## What you need to do
Beginning with the line of the entries below that holds "Kullast sõrmus teemantiga" and ending with the line that holds "Çift Taraflı Renkli", transcribe each line exactly as written. Pictures stay out.
======== Information ========
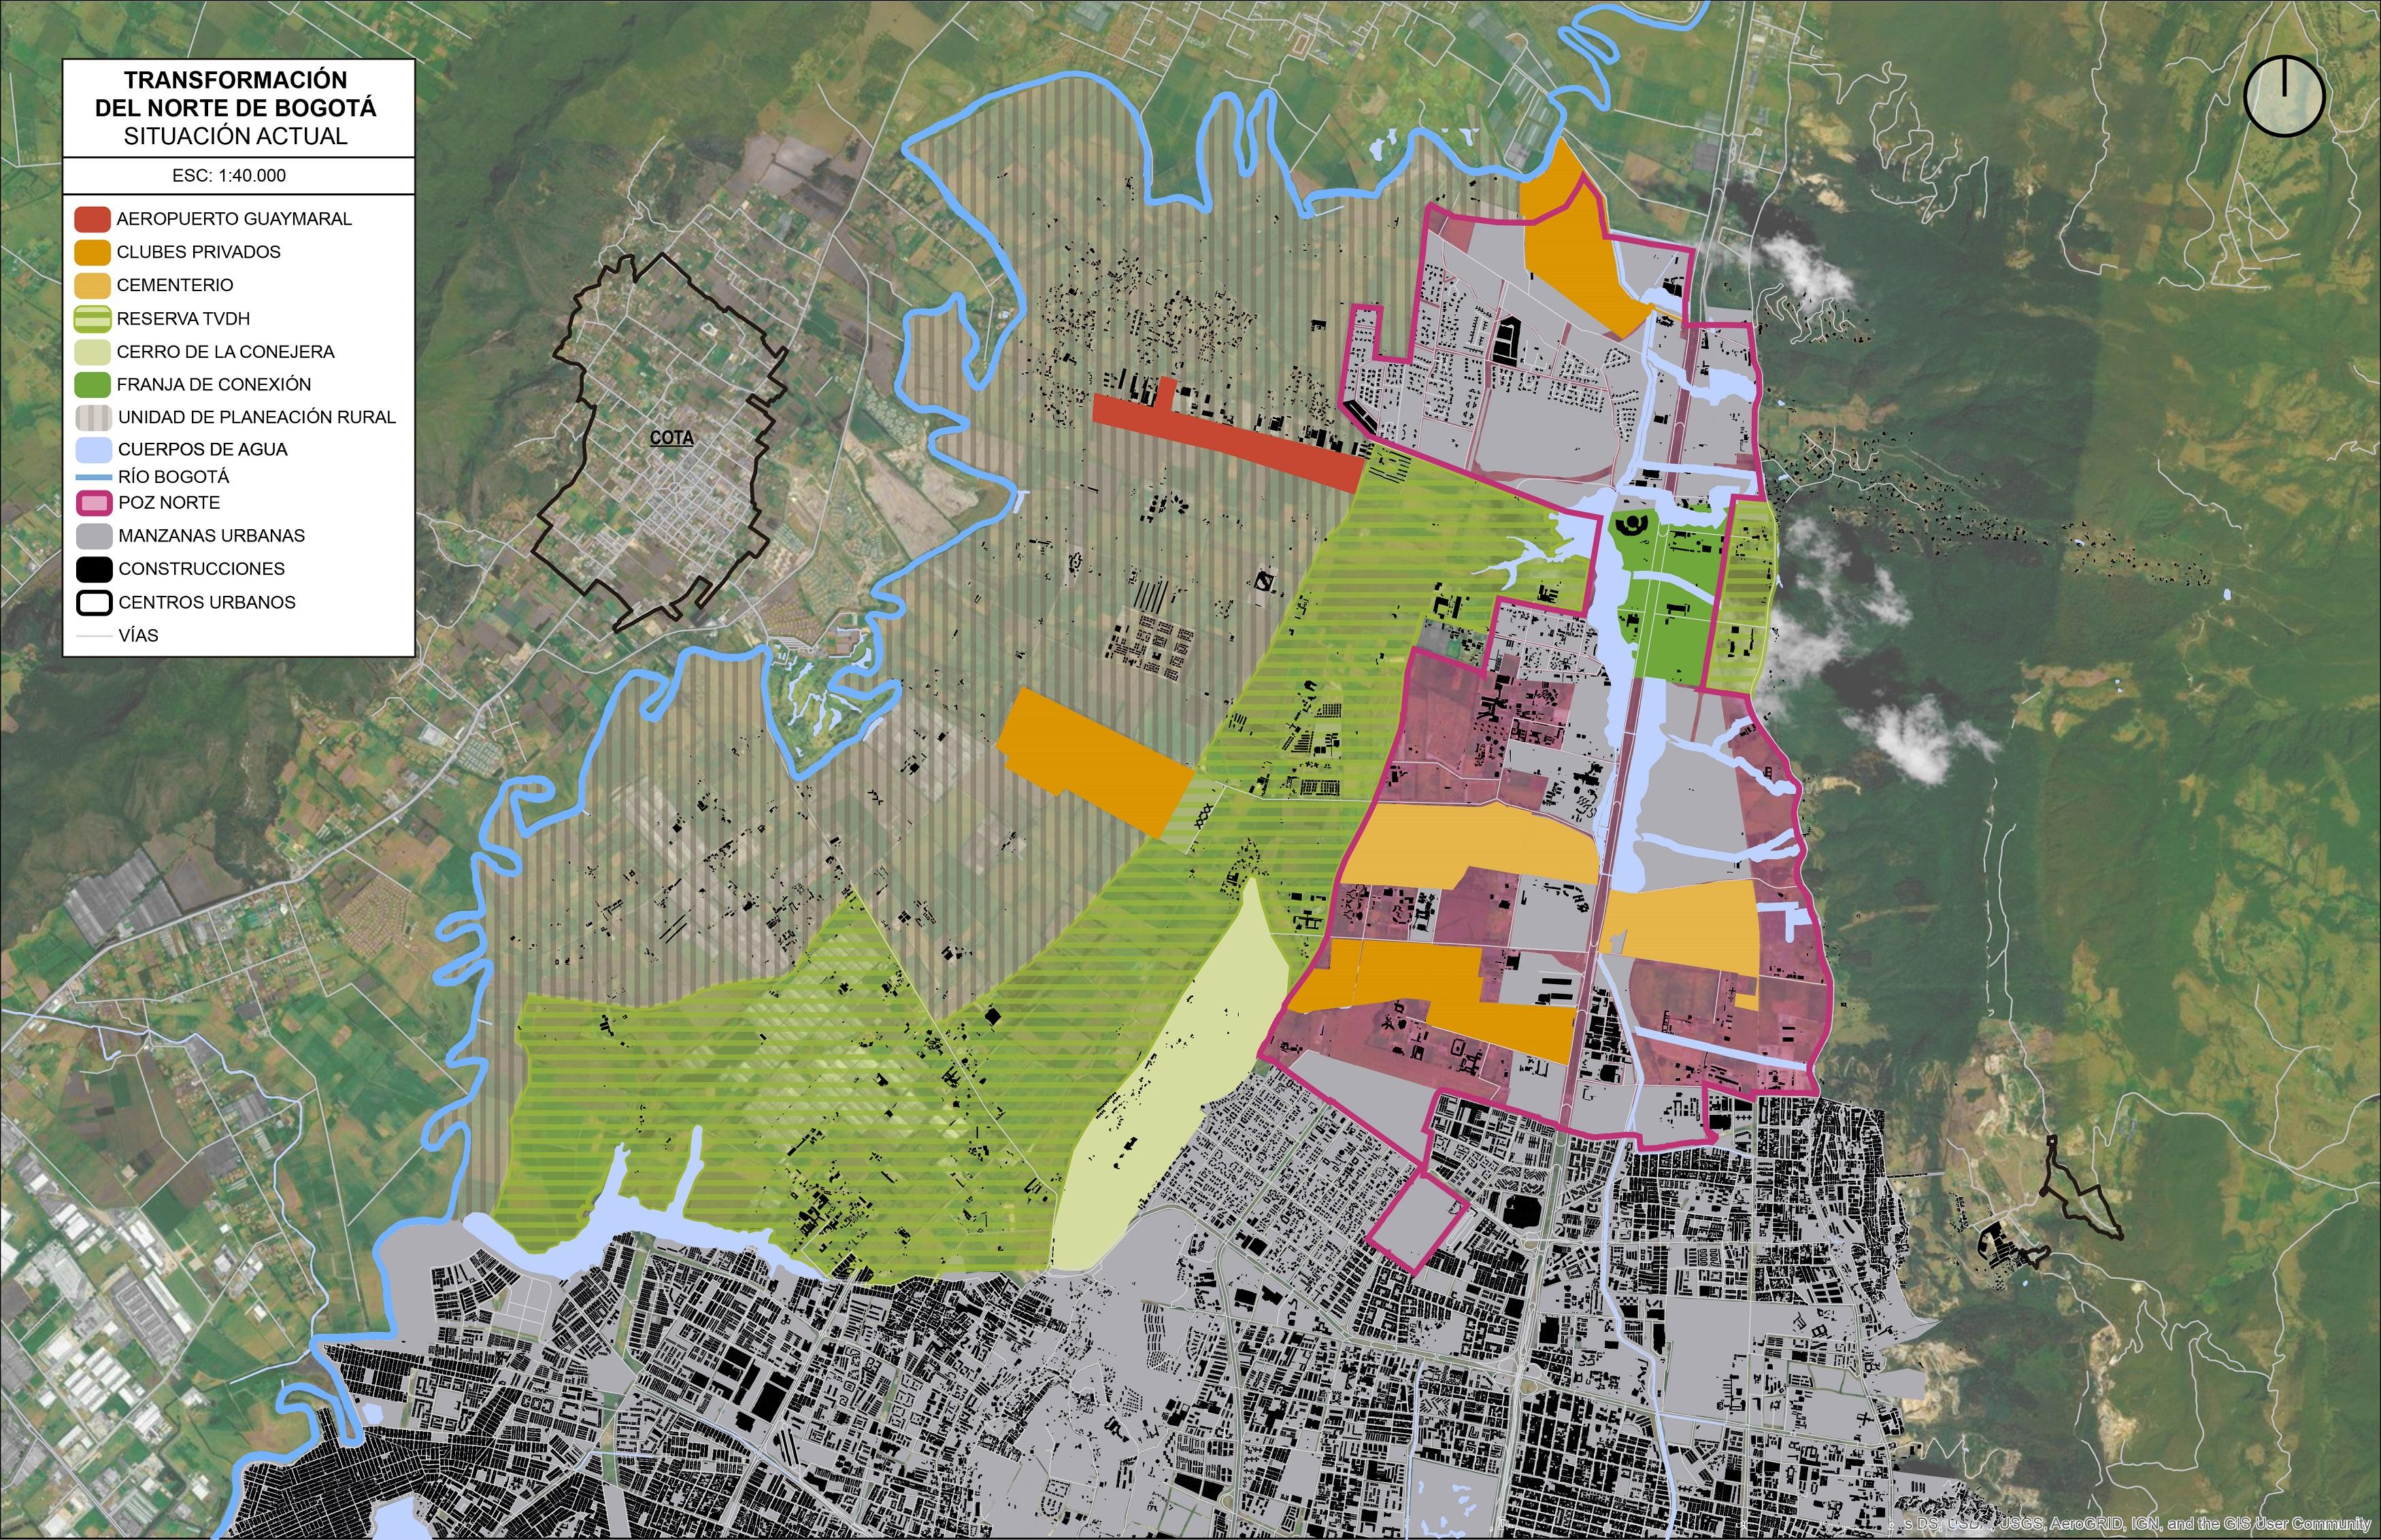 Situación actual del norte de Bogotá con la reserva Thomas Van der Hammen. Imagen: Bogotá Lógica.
========
======== Information ========
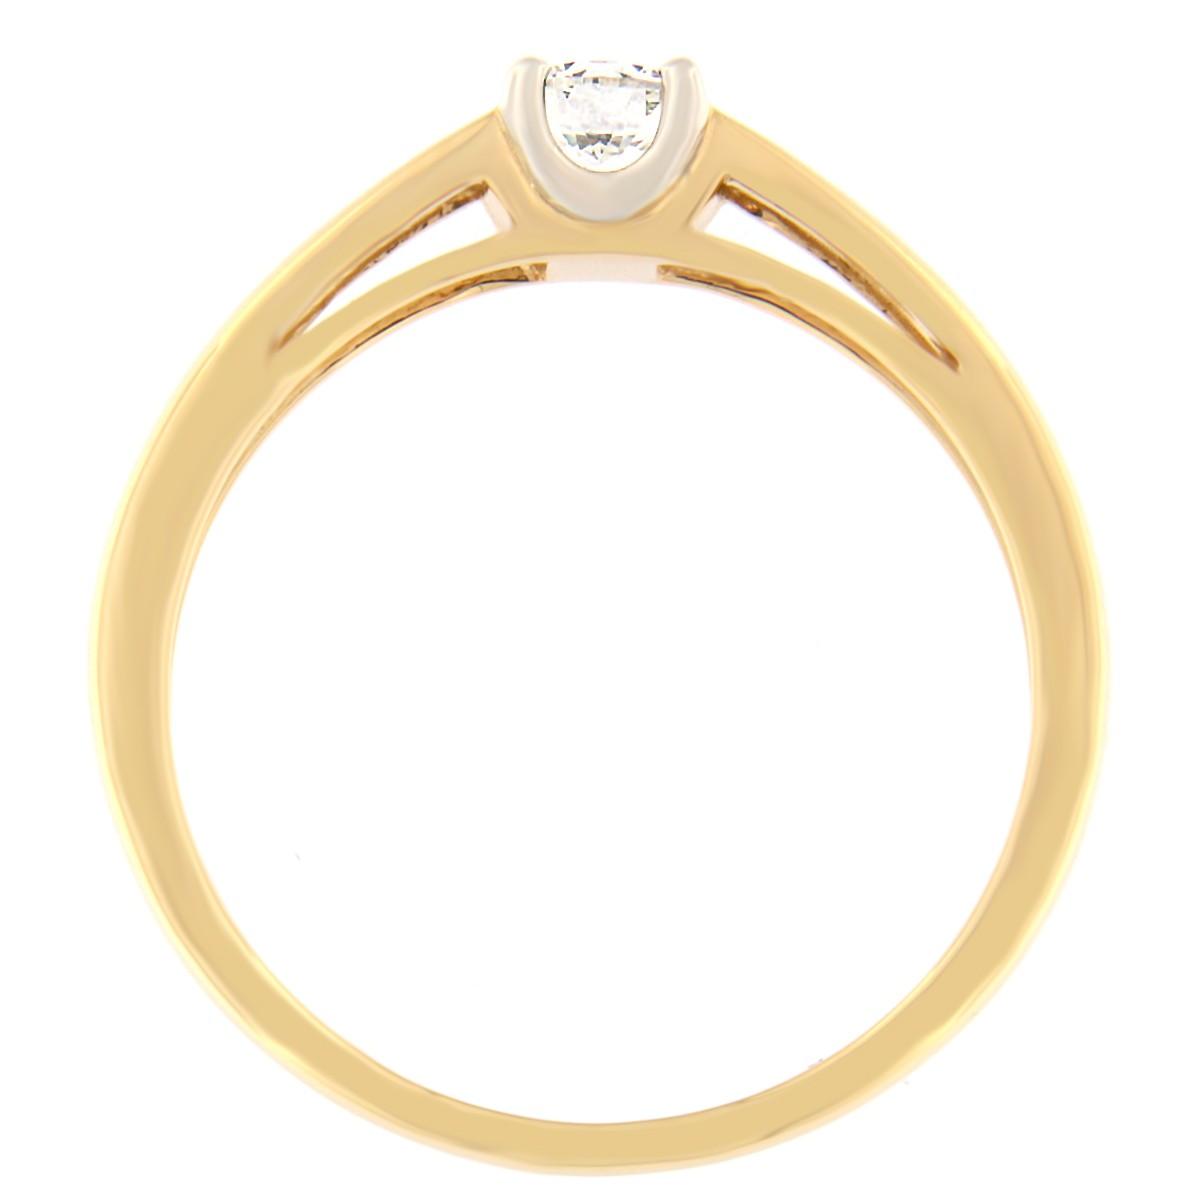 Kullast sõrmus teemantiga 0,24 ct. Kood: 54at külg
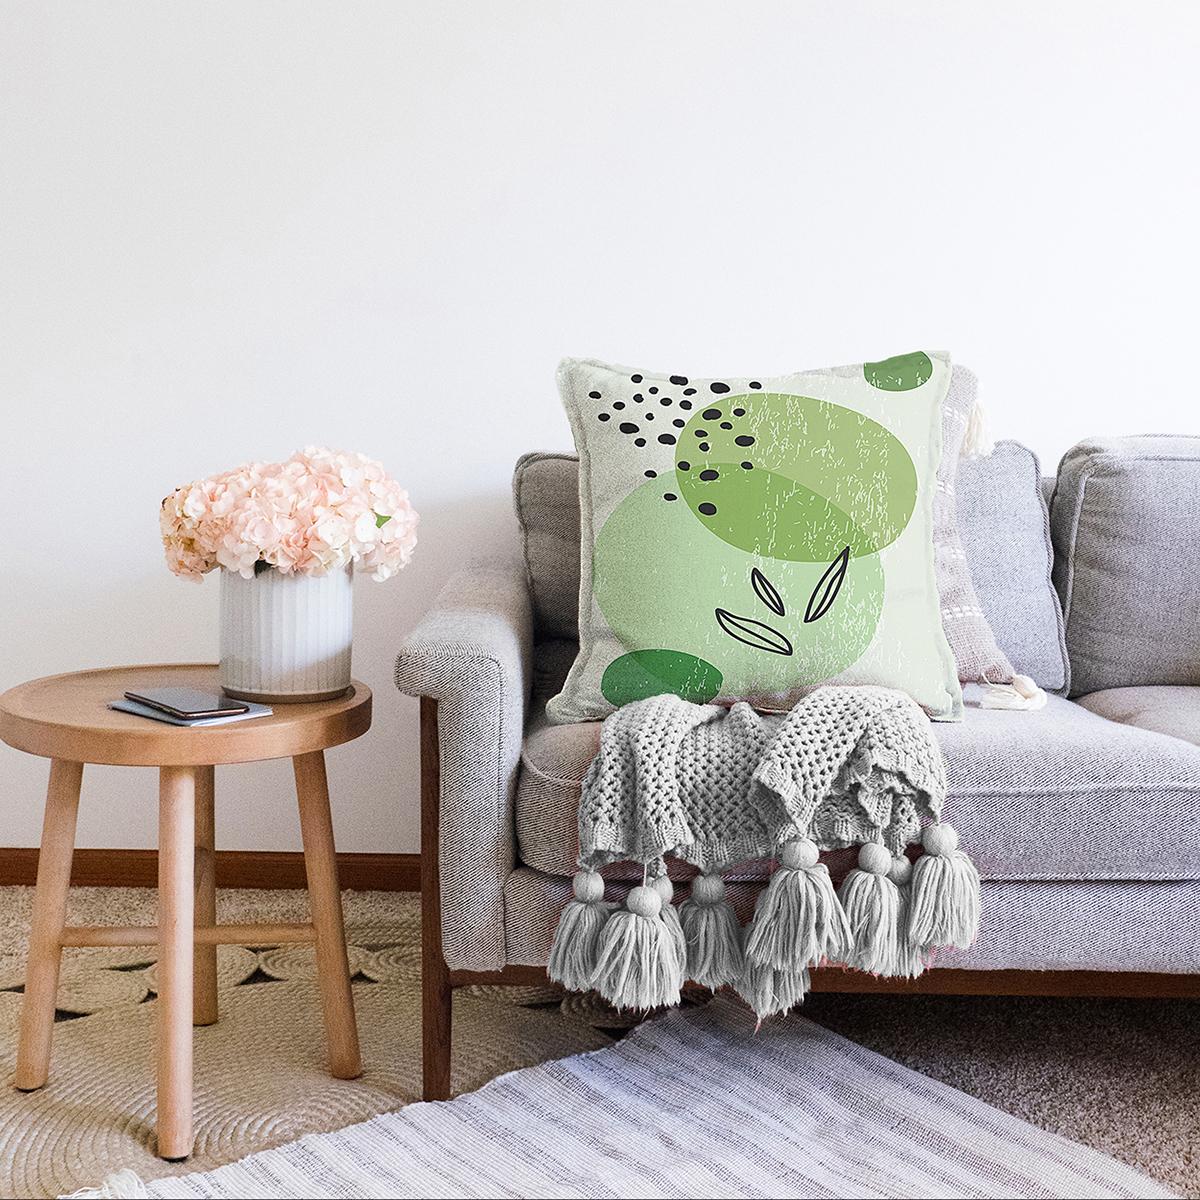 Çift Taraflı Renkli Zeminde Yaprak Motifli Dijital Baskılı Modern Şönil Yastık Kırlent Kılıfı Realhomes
========
## Exercise solution
 Kullast sõrmus teemantiga 0,24 ct. Kood: 54at külg
 Çift Taraflı Renkli Zeminde Yaprak Motifli Dijital Baskılı Modern Şönil Yastık Kırlent Kılıfı Realhomes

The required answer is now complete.